● TASK TO CARRY OUT
From the records that follow, return exactly the lines beginning at the one that contains "Black House by ElegantFlyer" and ending at the one that contains "GUNMETAL Cherub Pendant", pictures left out.

● DATASET EXTRACT
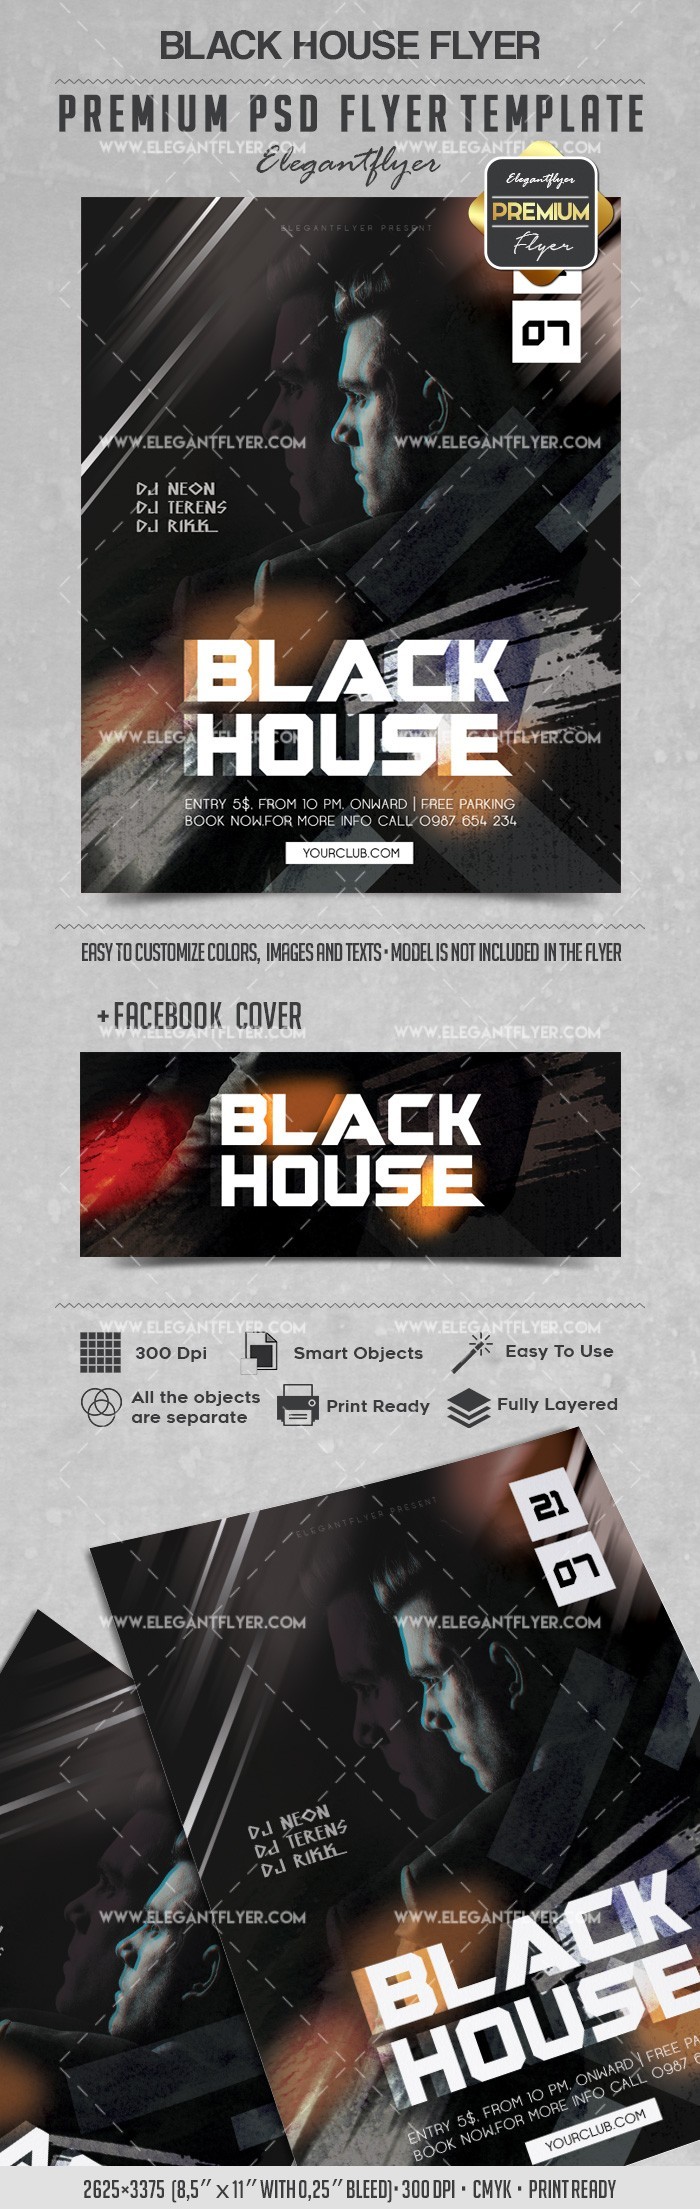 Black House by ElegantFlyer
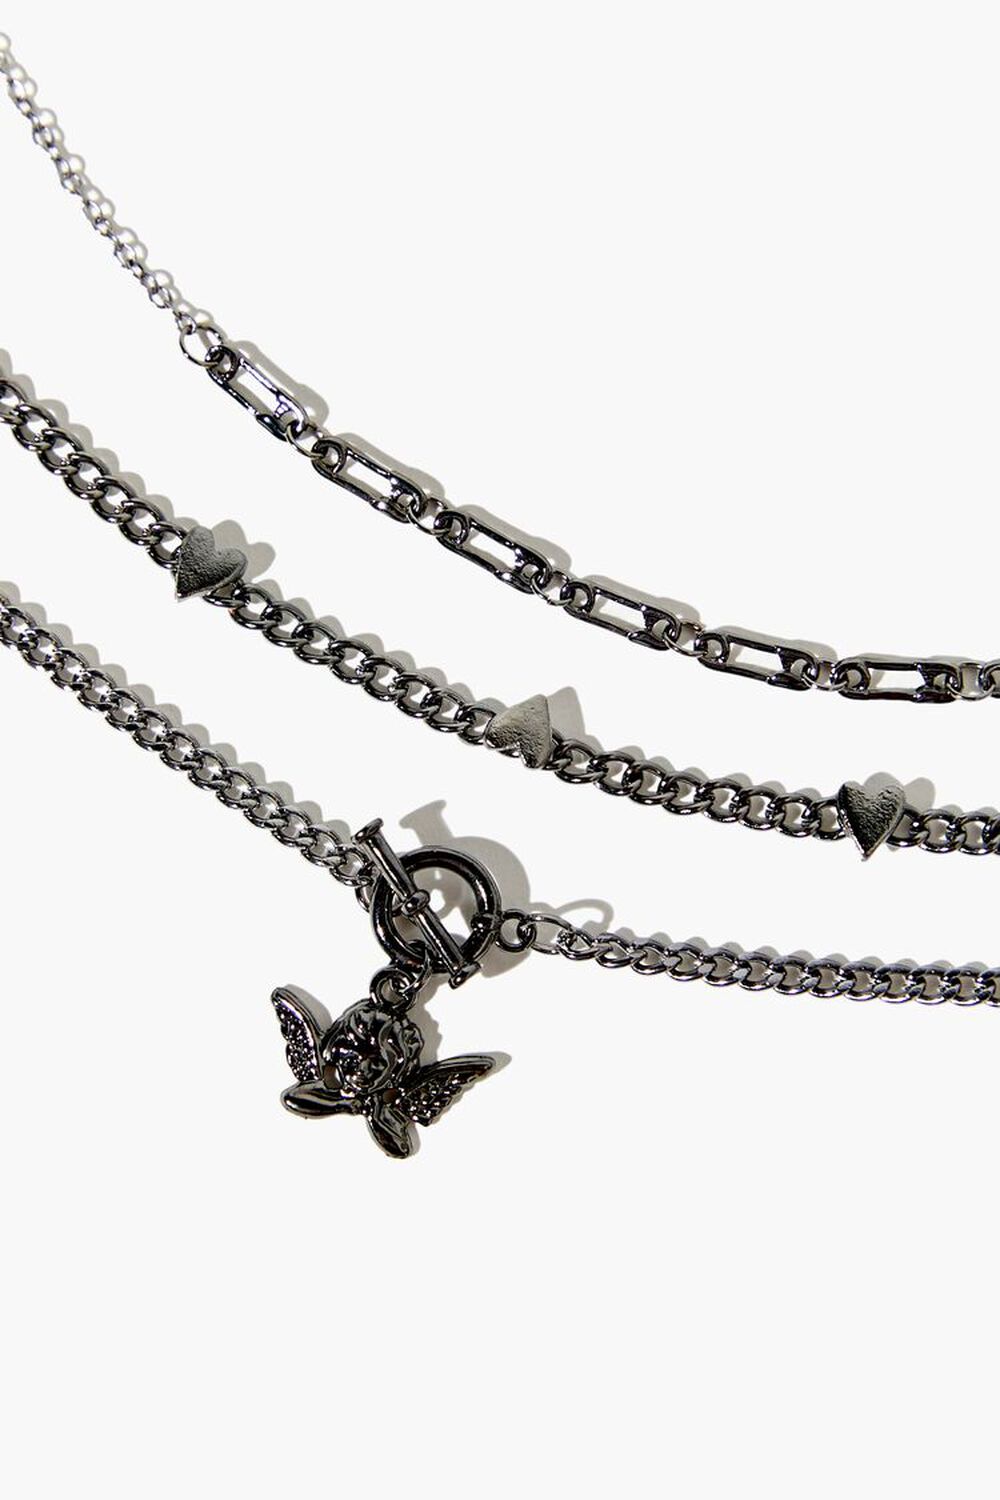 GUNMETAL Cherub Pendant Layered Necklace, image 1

--

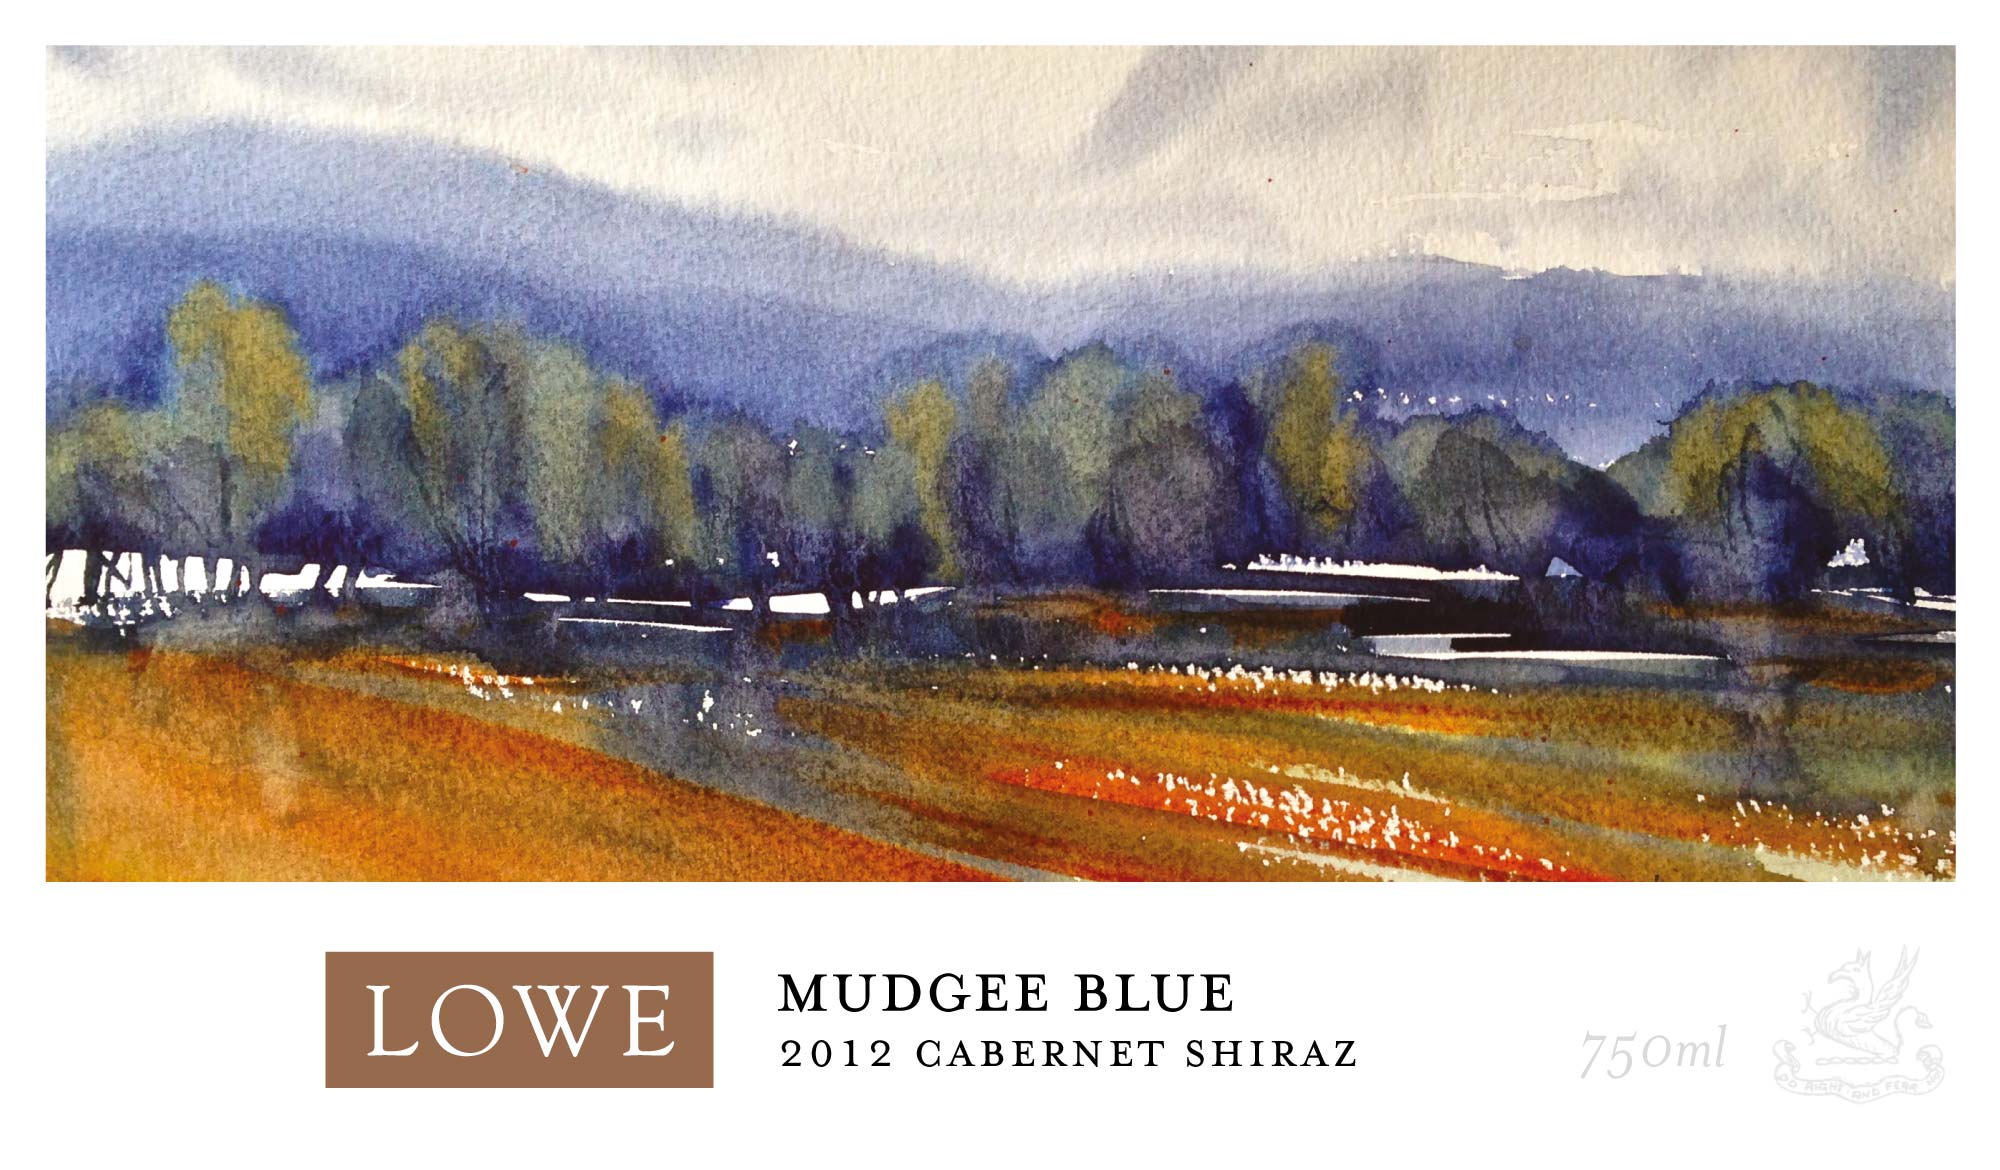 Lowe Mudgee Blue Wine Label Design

● SOLUTION BELOW
 Black House by ElegantFlyer
 GUNMETAL Cherub Pendant Layered Necklace, image 1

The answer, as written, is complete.